Previously, I reviewed the James Williams designed Shinbu and Hisshou short sword defensive knives and was so wowed by their cutting ability that I picked up both of James’ folding knife designs produced by CRKT as well.

James Williams, as you may remember, is a world renowned sword practitioner and sword cutting expert. He is also actively involved in teaching Military special operations and government security professionals how to handle an edged weapon in situations where firearms are not permitted. The request came back to James for smaller folding knives that still packed the powerful cutting characteristics of the larger fixed blade knives and short swords. The result was the Heiho and Hissatsu folding knives. These are two very serious defensive knives for their size.


Fit & feel

CRKT Heiho Folder: I own more than a few CRKT knives and the Heiho is from my opinion the finest folding knife CRKT has produced. They have done an absolutely beautiful job with the G10 handle and blade finish of this knife. Generally CRKT has been known for making what would be termed as high quality working knives, but this beautifully elegant knife will look good in fatigues, jeans, or with a suit. The CRKT Heiho is a great size which also has a blade length legal to carry in the more restrictive cities. Despite the minimalistic design, the knife feels very comfortable in the hand in a variety of grips.

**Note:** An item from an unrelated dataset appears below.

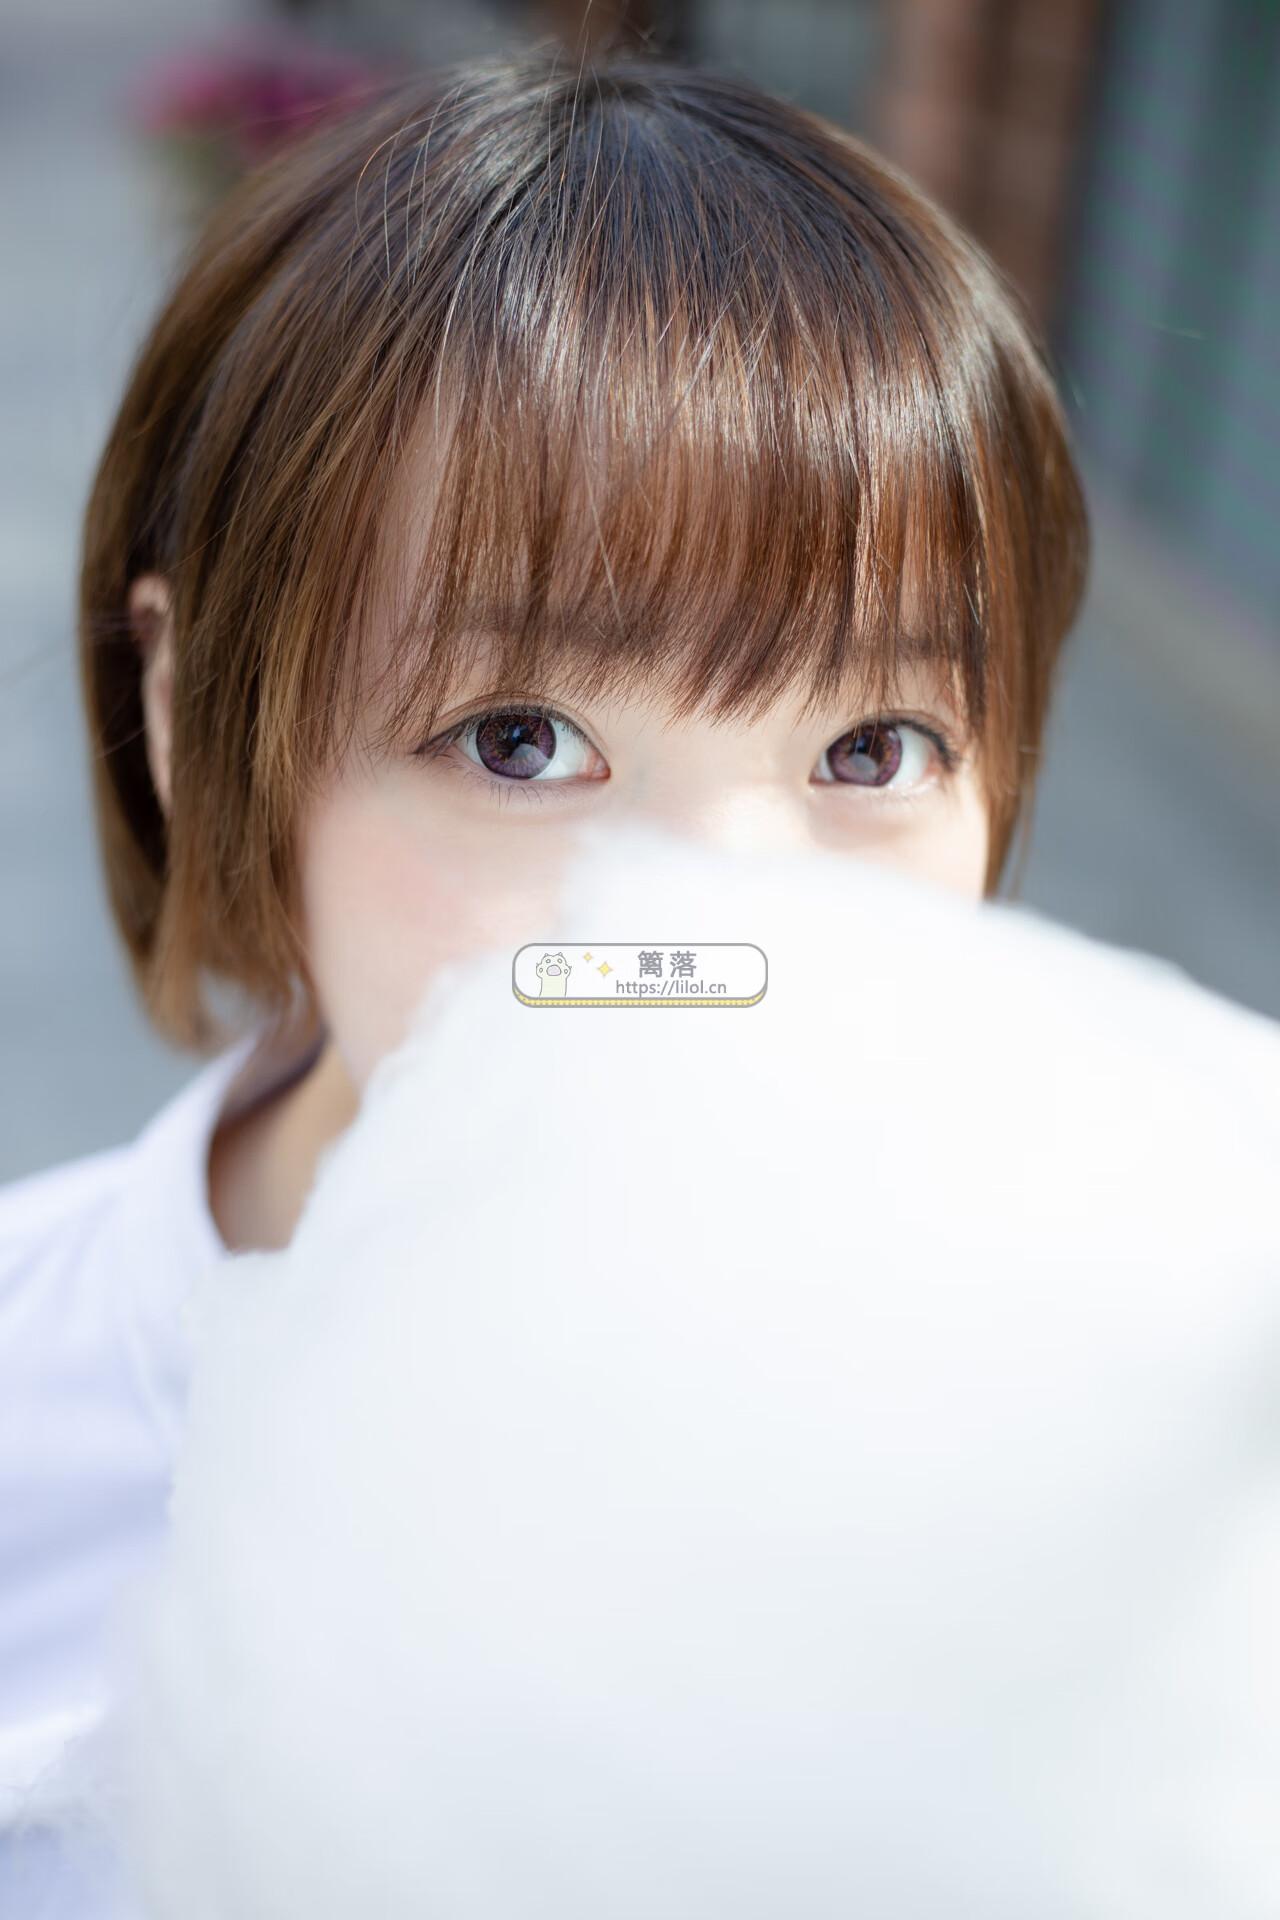 【SSR系列】森萝财团写真 SSR-011 短发俏皮学生妹天台+公园长椅写真 [104图-0视频-1.4GB] SSR系列 第2张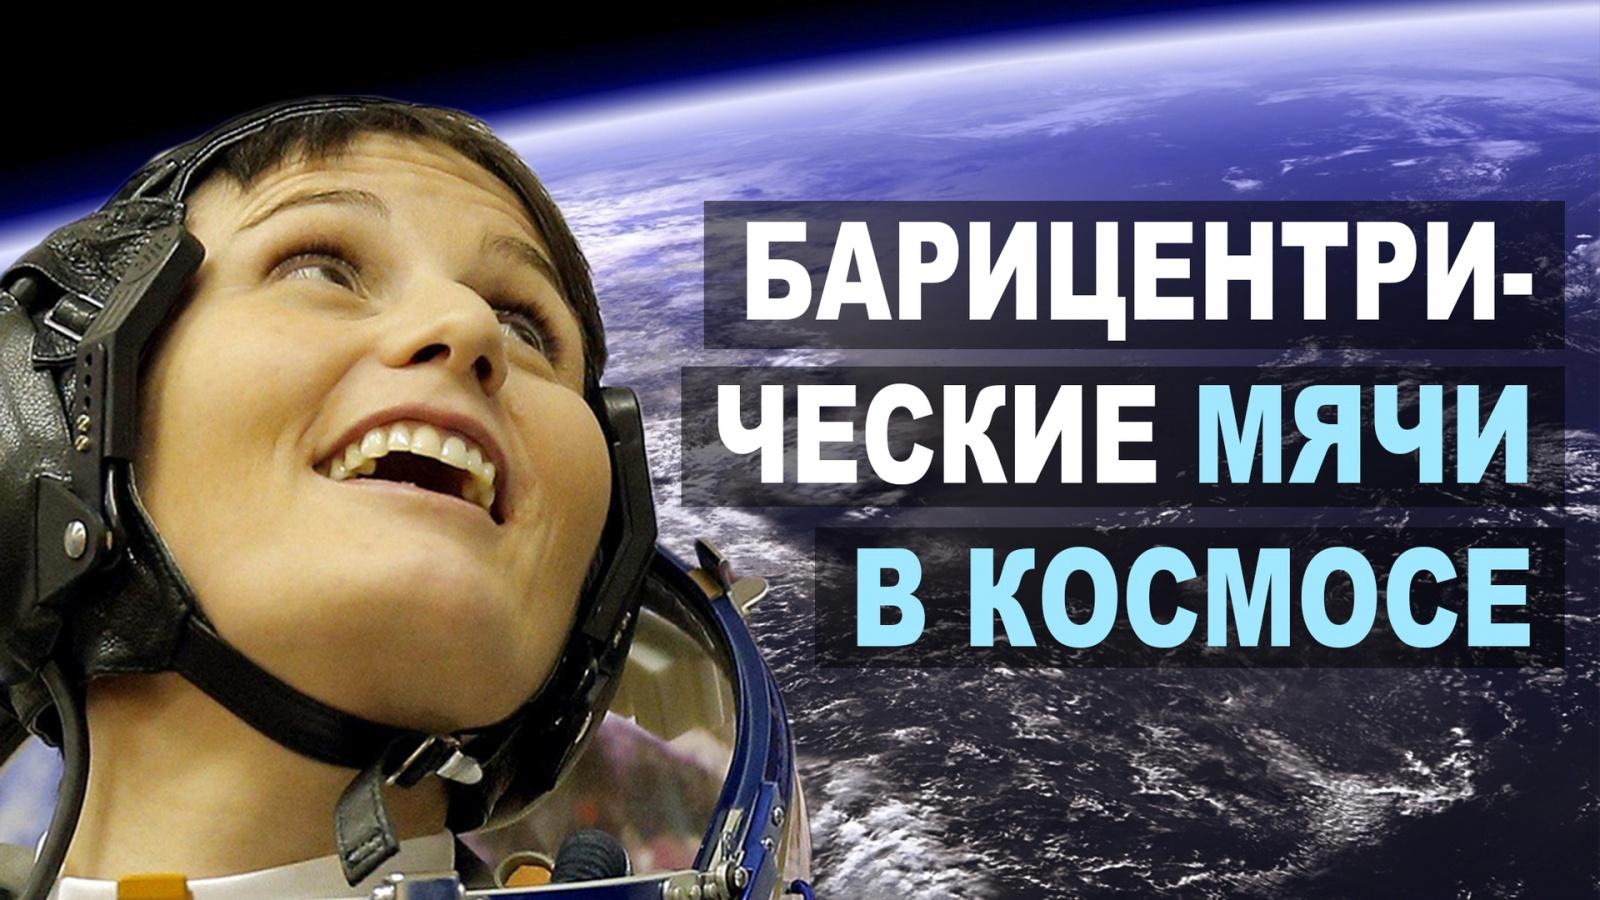 Саманта Кристофоретти: Барицентрические мячи в космосе [Озвучка Vert Dider] - 1

CRKT Hissatsu Folder: The Hissatsu Folder also has the same overall subdued design which does not scream “Look, I have a tactical knife clipped in my pocket”. When in the pocket it looks a lot less like a tactical knife and more like a tool than almost any other knife made. This is a good thing if you want to keep a low profile. The Hissatsu Folder’s glass filled nylon handles does have more of that high quality working knife look however the grip is very secure regardless of how wet the handle is.


The Heiho and Hassatsu Folder both share the same overall design, with dual grind modified tanto points, AUS8 blade steels, thumb disks for easy ambidextrous opening, LAWS liner locking systems, and OutBurst assisted opening mechanisms.

James Williams designed the blade shape after a classical Samurai design, which gives outstanding penetrating power as well as exceptional slashing performance. There are a load of premium steels out there, but for me, AUS 8 stainless steel has been a favorite with great strength, edge-holding ability, and very good stain resistance. I also like it because it can be resharpened to a razor edge about twice as fast as the premium steels.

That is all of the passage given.